Usted está aquí: sábado 1 de septiembre de 2007 Opinión Rituales sacros y paganos

Juan Arturo Brennan

Rituales sacros y paganos

El jueves de la semana pasada apareció en estas páginas una buena fotografía, de un meditabundo Mario Lavista, con el perro llamado Frijol cómodamente arrellanado en su regazo. El motivo de la fotografía (obra de José Carlo González), y del prolijo reportaje que la acompañaba (escrito por Arturo García Hernández), era dar noticia de la inauguración del simposio Pensar la vida, organizado por El Colegio Nacional.

Para ese acto inaugural, el propio Mario Lavista, integrante de ese cuerpo colegiado, organizó, coordinó y presentó un concierto con un repertorio irresistible: su cuarteto de cuerdas titulado Sinfonías, los delirantes Black Angels, de George Crumb, y una versión camerística de La consagración de la primavera, de Stravinski, para dos pianos y cuarteto de percusiones. (Hago, literalmente, un paréntesis, para preguntarme retóricamente si es posible hablar de una versión de cámara de esa fantástica y volcánica orgía pagana que es La consagración).

Cerrado el paréntesis, consigno aquí el hecho de que, como ha sido su costumbre en los ya numerosos conciertos coordinados para El Colegio Nacional, Lavista hizo la presentación de cada una de las obras, destacando lo más importante de ellas tanto en el plano de lo estrictamente sonoro como en el ámbito de lo conceptual. En este último aspecto, su cuarteto Sinfonías destaca por tratarse de una obra mortuoria (que no fúnebre ni luctuosa) escrita en vida de su dedicataria. Quien haya escuchado, por ejemplo, el cuarteto Reflejos de la noche, de Lavista, hallará en Sinfonías una obra hermana que, sin embargo, transita por caminos mucho más amplios y variados, y por momentos da la sensación de un mosaico de iridiscencias elusivas, de una serie de cuadros sonoros que se suceden como en un sueño no del todo tranquilo.

El Cuarteto Latinoamericano (recién desempacado de sus merecidos meses sabáticos, que marcan sus 25 años de trabajo) logró la compleja tarea de dar unidad a la diversidad, y de convertir los destellos múltiples de estas Sinfonías en un solo haz de luz, coherente como un rayo láser, y a la vez de una sugestiva policromía.

El propio Cuarteto Latinoamericano se encargó después de los Black Angels, de Crumb, partitura compleja, profunda, intensa, de una rara e inquietante poética, que requiere una concentración impecable de los intérpretes. Micrófonos de contacto, numerosos y variados modos de producción sonora, copas de cristal afinadas, percusión diversa, sus propias voces como portadoras de motivos y fonemas, son los elementos constructivos de esta potente obra en la que Crumb plantea, más allá de la variedad estrictamente sonora, una cornucopia de estados de ánimo, que culmina con esa Noche de los insectos eléctricos que es, si me perdonan el símil un tanto pedestre, como una descarga de altísimo voltaje expresivo.

El Cuarteto Latinoamericano armó con exactitud y aplomo las piezas del rompecabezas de Crumb, y estos ángeles sonaron con toda la intensidad que necesitan, en parte gracias al muy buen trabajo de sonorización de Bogdan Zawistowski, cuya contribución destaco aquí precisamente porque este es un aspecto que suele ser bastante fallido en ocasiones análogas.

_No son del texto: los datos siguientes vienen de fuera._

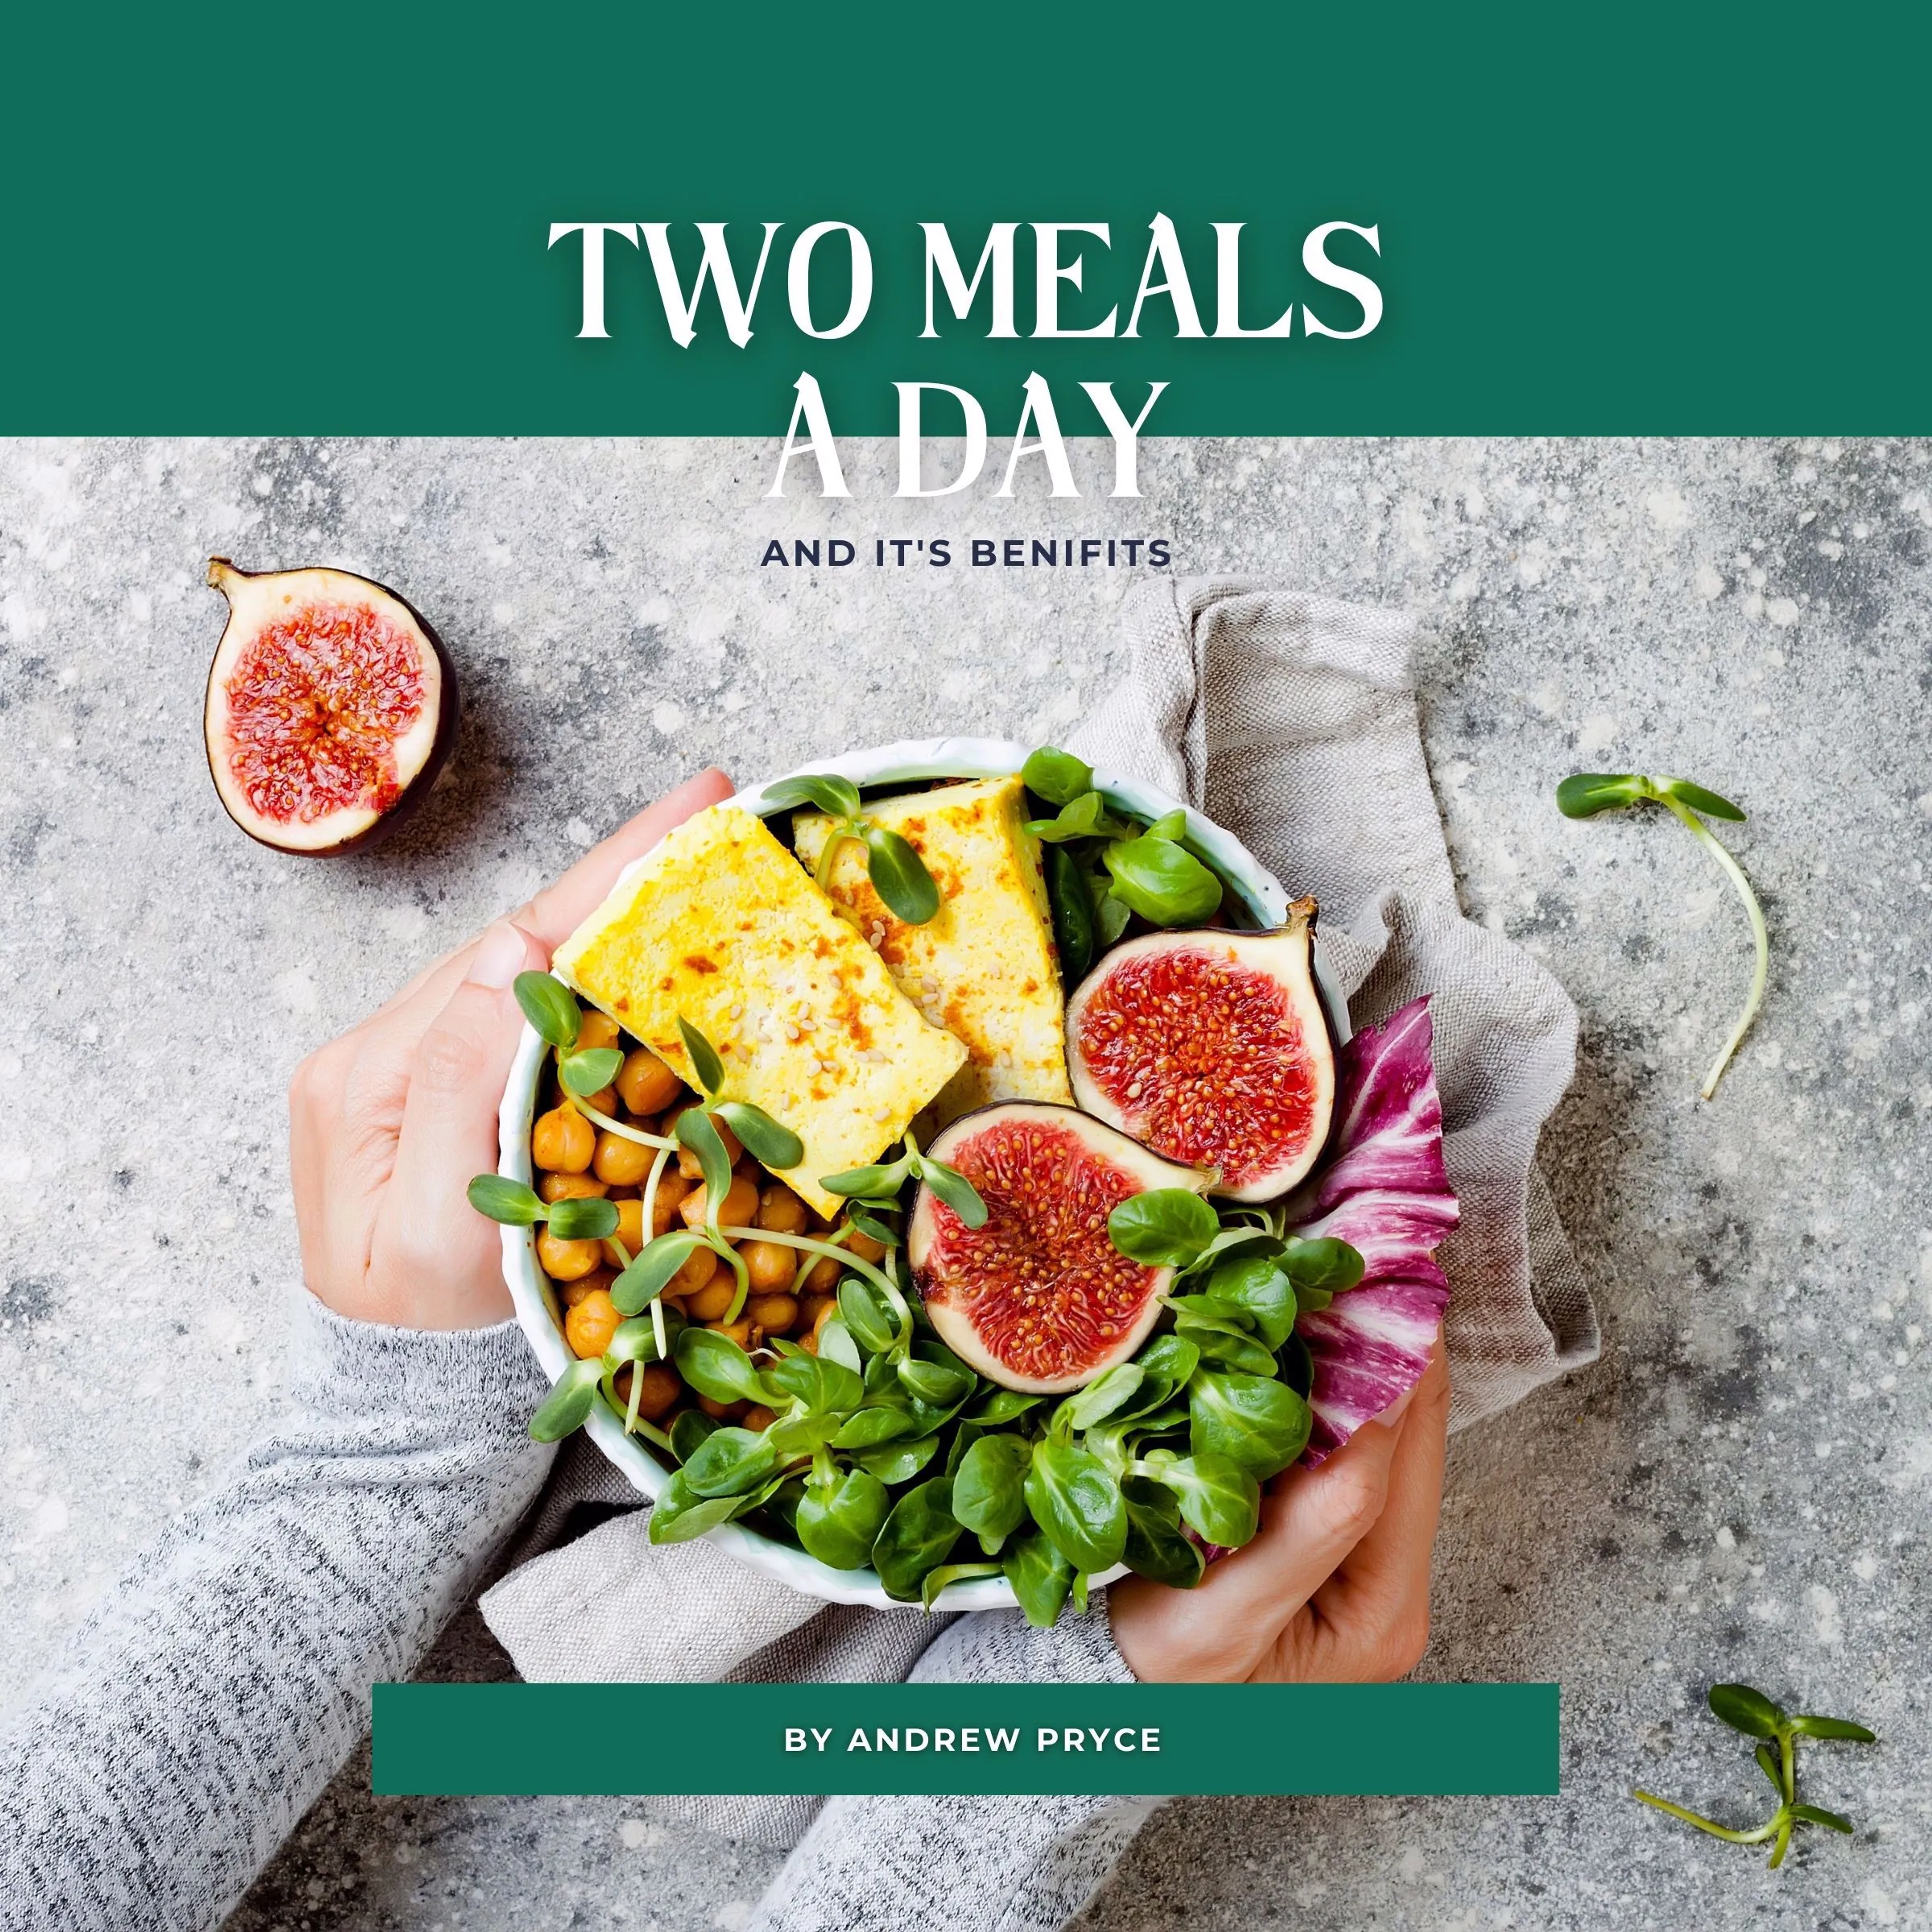 Two Meals a Day Audiobook by Andrew Pryce

Plato fuerte lo fue todo el concierto, pero lo espectacular quedó a cargo de Dimitri Dudin y Duane Cochran, pianistas, quienes en compañía de los cuatro percutores que forman Tambuco se enredaron gozosamente en la maraña rítmica (que no por indescifrable es menos fascinante) que Stravinski planteó para acompañar esas imágenes de la Rusia pagana que culminan con el brutal sacrificio de una doncella. Desprovista de los colores orquestales del original (que de suyo son austeros) esta monocromática versión de La consagración de la primavera fue tocada por el sexteto con toda la enjundia primigenia que el caso requiere, y con un notable ensamble tanto en lo rítmico como en lo dinámico.

Si las obras y sus ejecuciones resultaron sobresalientes, no lo fue menos la puntual mención que hizo Lavista al triste caso de la música sacra en nuestros días. En efecto, cuando la Iglesia católica abrió las puertas a las estudiantinas y a los baladistas, la gran tradición iniciada por Perotin y Machaut se fue, literalmente, al diablo. ¿Qué podía esperarse, si no, de una institución tan cabalmente corrupta, degenerada, putrefacta, vergonzosa, venal, abusiva, mendaz y excluyente que se las ha arreglado para arruinar todo lo que toca, incluyendo la irrepetible genealogía musical que surgió entre sus muros al paso de los siglos?